During the Colonial Period, coastal South Carolina was the largest producer of rice in America. The crop arrived in the area around 1685. A brigantine ship, captained by John Thurber and sailing from the island of Madagascar, encountered a raging storm, perhaps a small hurricane, and put into Charleston Harbor for repairs.

With the ship in dry dock, Captain Thurber met Henry Woodward, the town's best known resident, who had the distinction of being the first English settler in the area. Thurber gave Woodward a bag of rice. Some say a peck, others say a bushel. Woodward experimented with the rice, which gave him a good crop. Rice was soon on its way to becoming the area's main cash crop.

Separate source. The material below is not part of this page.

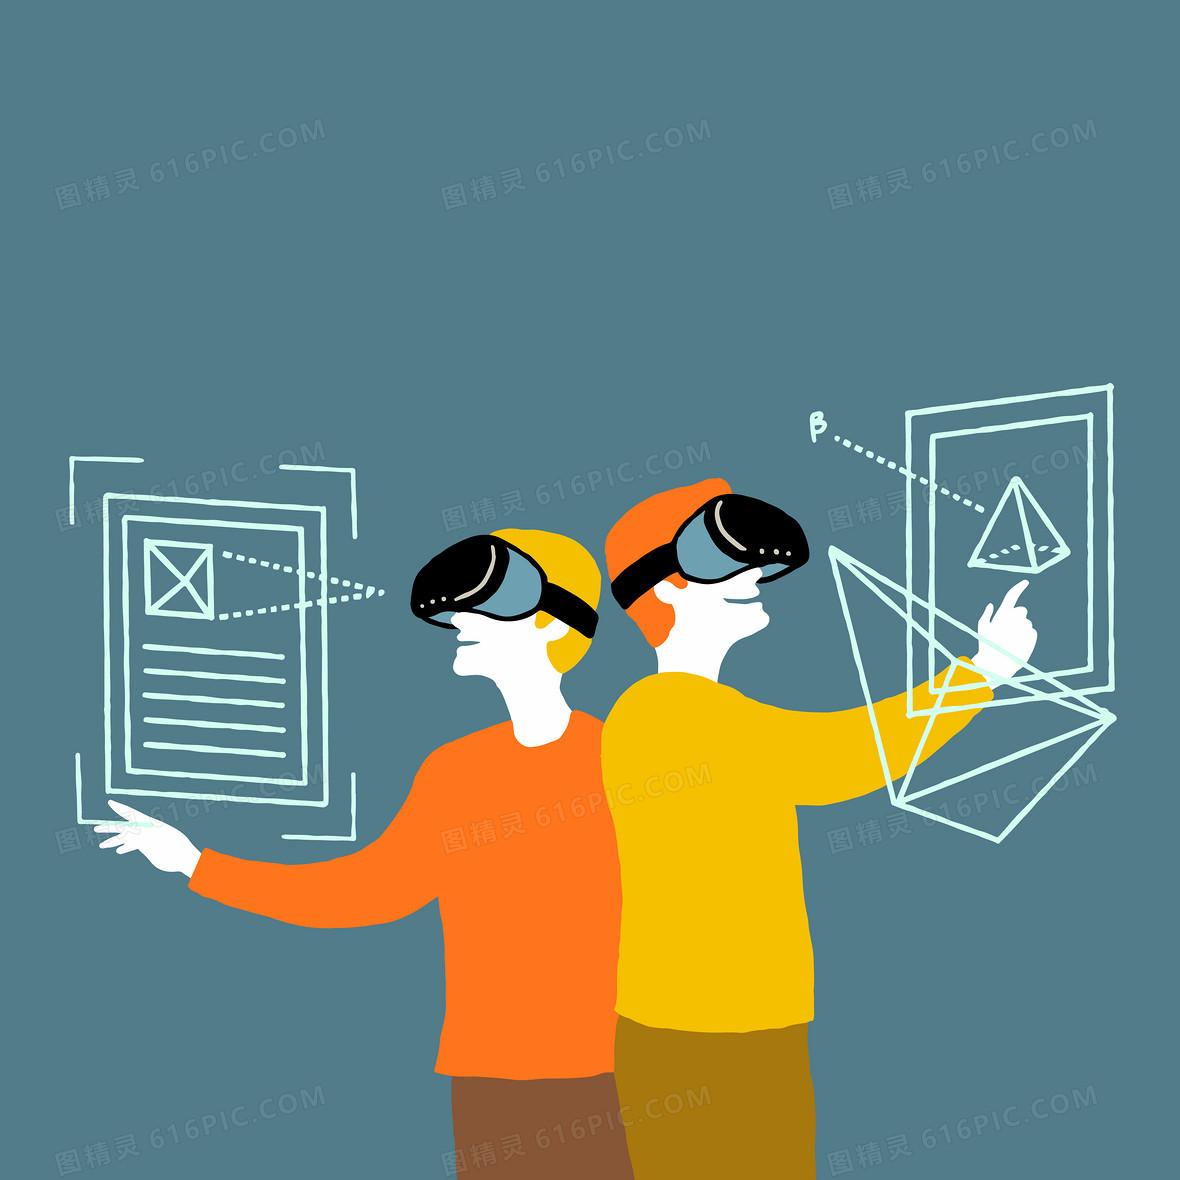 手绘虚拟现实体验人物背景素材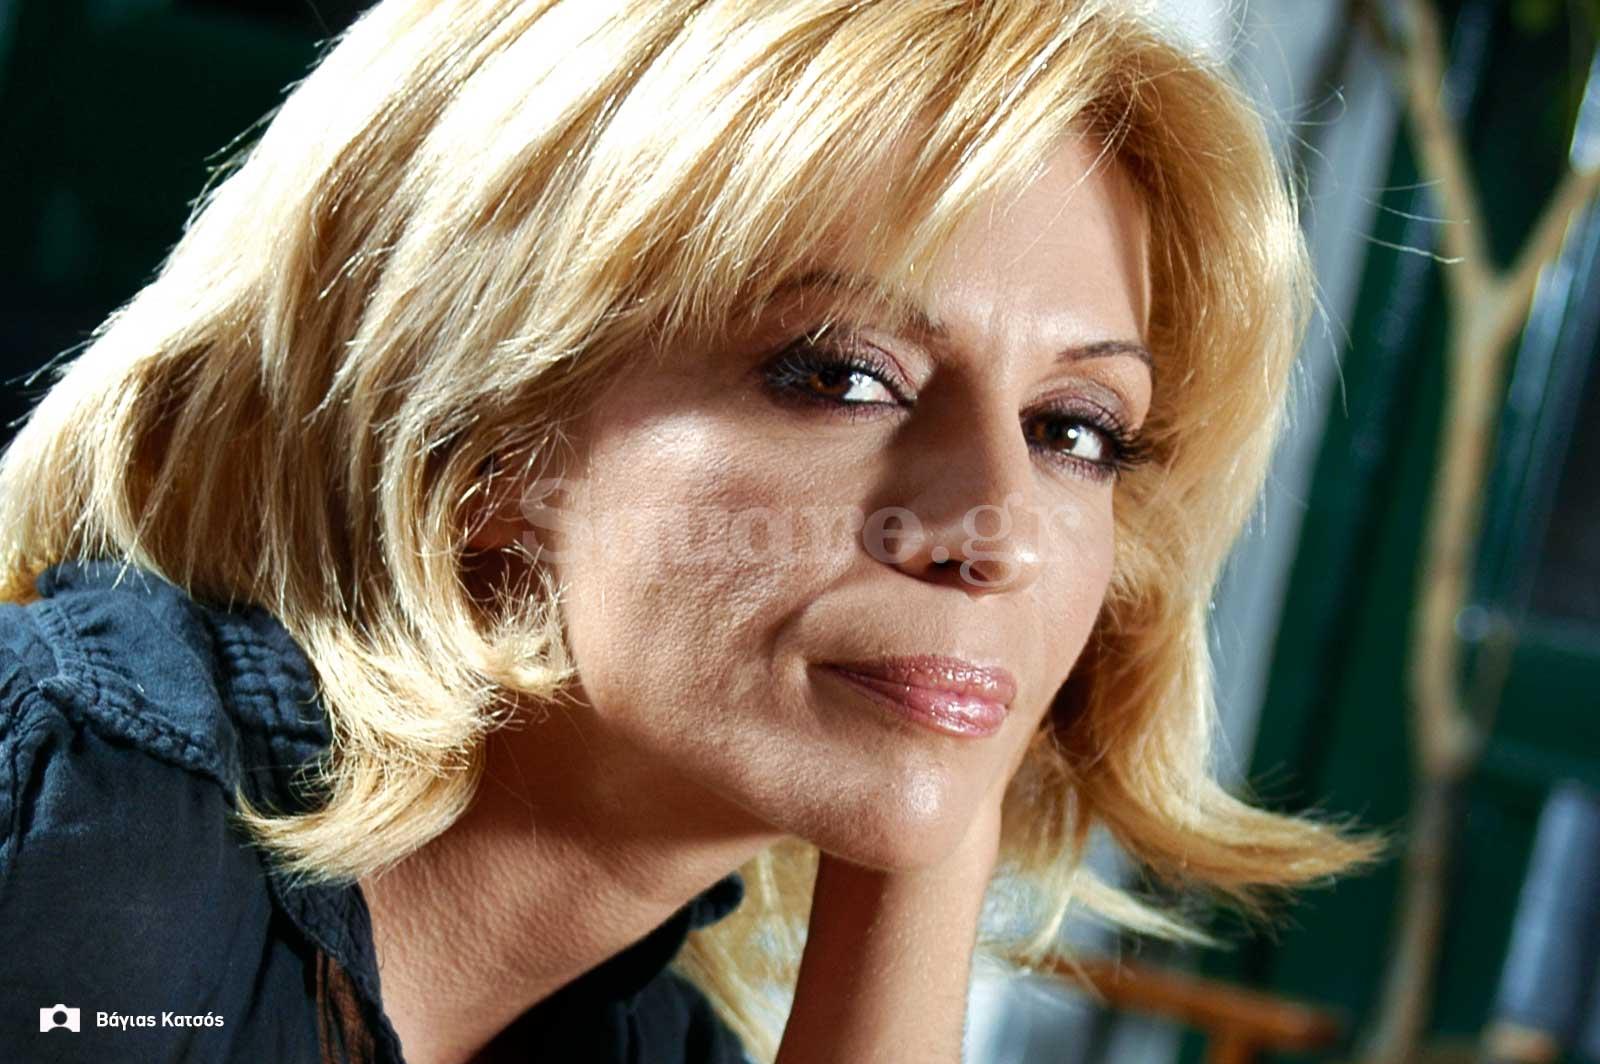 4-Γαλήνη-Τζεβά-Χαλκίδαία-ηθοποιός-Square

The respected Thomas Jefferson traveled to the low country of the Carolinas to find out why Italian rice, at the time, fetched a higher price in the Paris market than Carolina rice. He became its biggest fan. In fact there were at least one hundred MAJOR rice plantations in the region, with names like: Hobcaw Barony, Beneventum, Chicora Wood and Hasty Point, to name a few ... all feeding off of rivers flowing into tidal bays. One of those rivers is the Great Pee Dee, and this is where our flavors start.

Rice remained a dominant commodity on the coastal rivers of South Carolina until the end of the Civil War, when production started a long decline due to a loss of labor and working capital, and aided by several severe storms. In the early 1900's rice farming disappeared from the state all together. Rice was never grown as a cash crop in the Darlington area where Plumfield Plantation now produces Carolina Plantation Rice, but it was grown there in small plots by slaves who raised it for their own consumption, as they had traditionally in Africa.

In 1997, Campbell Coxe planted 20 acres on his family farm near Darlington, South Carolina. Campbell grows the Della variety. "People who buy our product like its aromatic appeal and its taste, " he says. His rice rates highest on the aromatic scale. He says this is probably because of the rich soil, climate, water and northern latitude where he grows Carolina Plantation Rice.